Escherichia coli

• Sorbitol and lactose fermenters (except for EHEC, which does not ferment sorbitol)
• Form pink colonies on MacConkey agar
• Form green colonies with a metallic sheen on eosin-methylene blue agar
• Present the enterobacterial common antigen (ECA) on their surface
• Produce beta-galactosidase (cleaves lactose into galactose and glucose)
• Common virulence factors
  • Lipopolysaccharide (LPS)
    • Activates macrophages → widespread release of IL-1, IL-6 & TNF-α
    • Bacteremia & septic shock
  • K1 capsular polysaccharide
    • Prevents phagocytosis & complement-mediated lysis
    • Neonatal meningitis
  • Shiga toxin
    • Inactivates 60S ribosomal subunit, halting protein synthesis & causing cell death
    • Gastroenteritis (bloody)
  • Heat-stable/heat-labile enterotoxins
    • Promotes fluid & electrolyte secretion from intestinal epithelium
    • Gastroenteritis (watery)
  • P-fimbriae
    • Allows adhesion to uroepithelium
    • Urinary tract infection

Key Pathogenic Strains & Associated Diseases

1. Enterohemorrhagic E. coli (EHEC)

   • Classic Serotype: O157:H7.
   • Source: Undercooked hamburgers, unpasteurized milk/cider, contaminated sprouts or lettuce.
   • Presentation: Hemorrhagic colitis (bloody diarrhea, severe abdominal cramps). Minimal or no fever.
   • Toxin: Shiga-like toxin (Verotoxin).
   • Mechanism: Inactivates the 60S ribosomal subunit, inhibiting protein synthesis and causing cell death.
   • Complication: Hemolytic Uremic Syndrome (HUS), especially in children. Triad of:
     • Microangiopathic hemolytic anemia (schistocytes on blood smear).
     • Thrombocytopenia.
     • Acute kidney injury.
   • Dx: Does not ferment sorbitol (unlike other E. coli). This is tested on Sorbitol-MacConkey (SMAC) agar, where it forms colorless colonies.
   • Tx: Supportive care (hydration) is critical. AVOID ANTIBIOTICS, as they can increase the risk of HUS by inducing toxin release.

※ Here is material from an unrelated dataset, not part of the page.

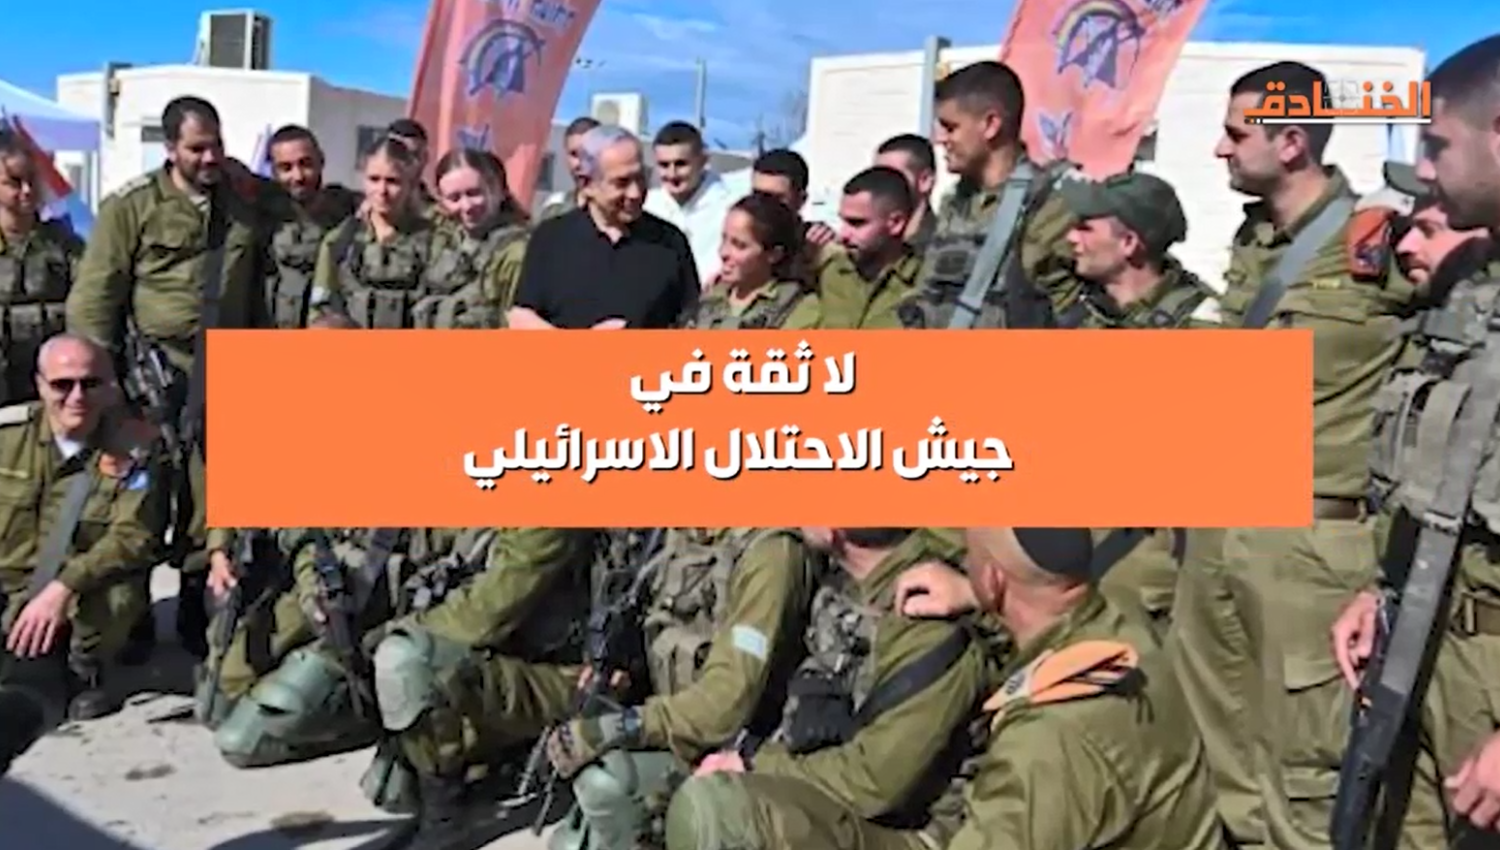 لا ثقة في جيش الاحتلال الاسرائيلي

2. Enterotoxigenic E. coli (ETEC)

   • Classic Disease: Traveler’s Diarrhea.
   • Source: Contaminated food or water (“Montezuma’s Revenge”).
   • Presentation: Profuse, watery (non-bloody) diarrhea.
   • Toxins:
     • Heat-Labile Toxin (LT): Increases cAMP (similar to cholera toxin). (“Labile in the Air”).
     • Heat-Stable Toxin (ST): Increases cGMP (“Stable on the Ground”).
   • Tx: Supportive care, but antibiotics (e.g., fluoroquinolones, azithromycin) may be used for severe cases to shorten duration.

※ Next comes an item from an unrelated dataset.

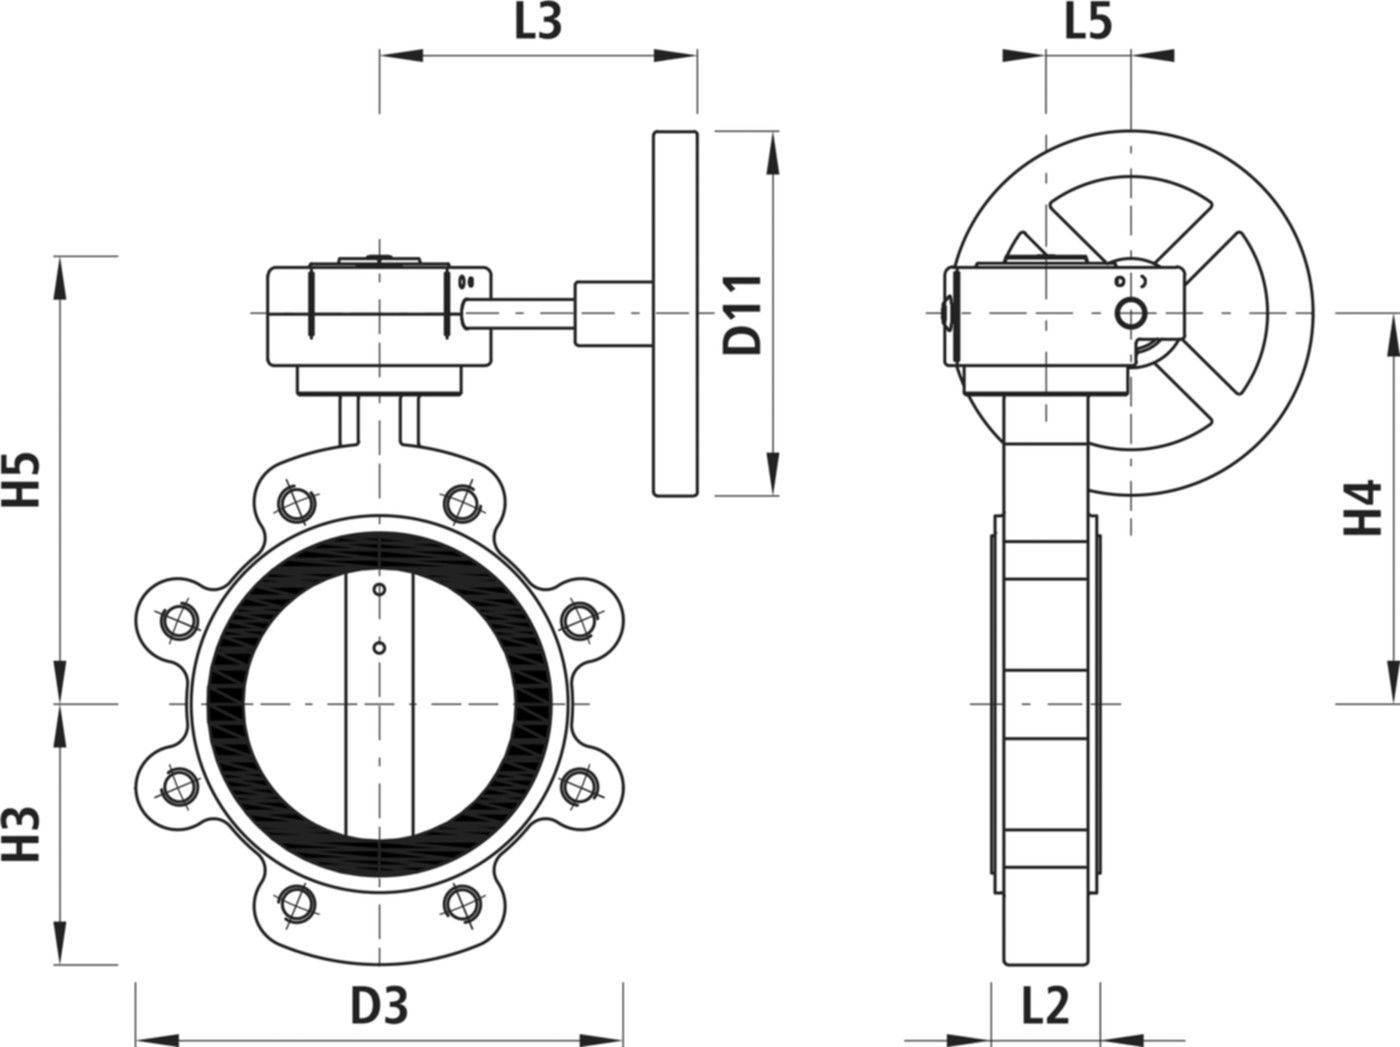 Absperrklappe mit Getriebe Typ LI 9943 DN 150 PN 16 - Hawle Absperrklappen

3. Uropathogenic E. coli (UPEC)

   • Diseases: Most common cause of urinary tract infections (UTIs), including cystitis and pyelonephritis.
   • Virulence Factor: P fimbriae allow for attachment to the uroepithelium, preventing it from being flushed out by urine.
   • Tx: Commonly treated with TMP-SMX, nitrofurantoin, or fluoroquinolones, depending on resistance patterns.

4. Enteroinvasive E. coli (EIEC)

   • Presentation: Causes an invasive, dysentery-like illness with fever and bloody, mucoid diarrhea.
   • Mechanism: Directly invades the intestinal mucosa, causing inflammation and necrosis. No toxin produced.
   • Clinically similar to Shigella.

5. Enteropathogenic E. coli (EPEC)

   • Classic Disease: Causes diarrhea, primarily in infants and children (Pediatrics), especially in developing countries. Often involved in nursery outbreaks.
   • Mechanism: Adheres to enterocytes and causes effacement (flattening) of microvilli, leading to malabsorption and watery diarrhea.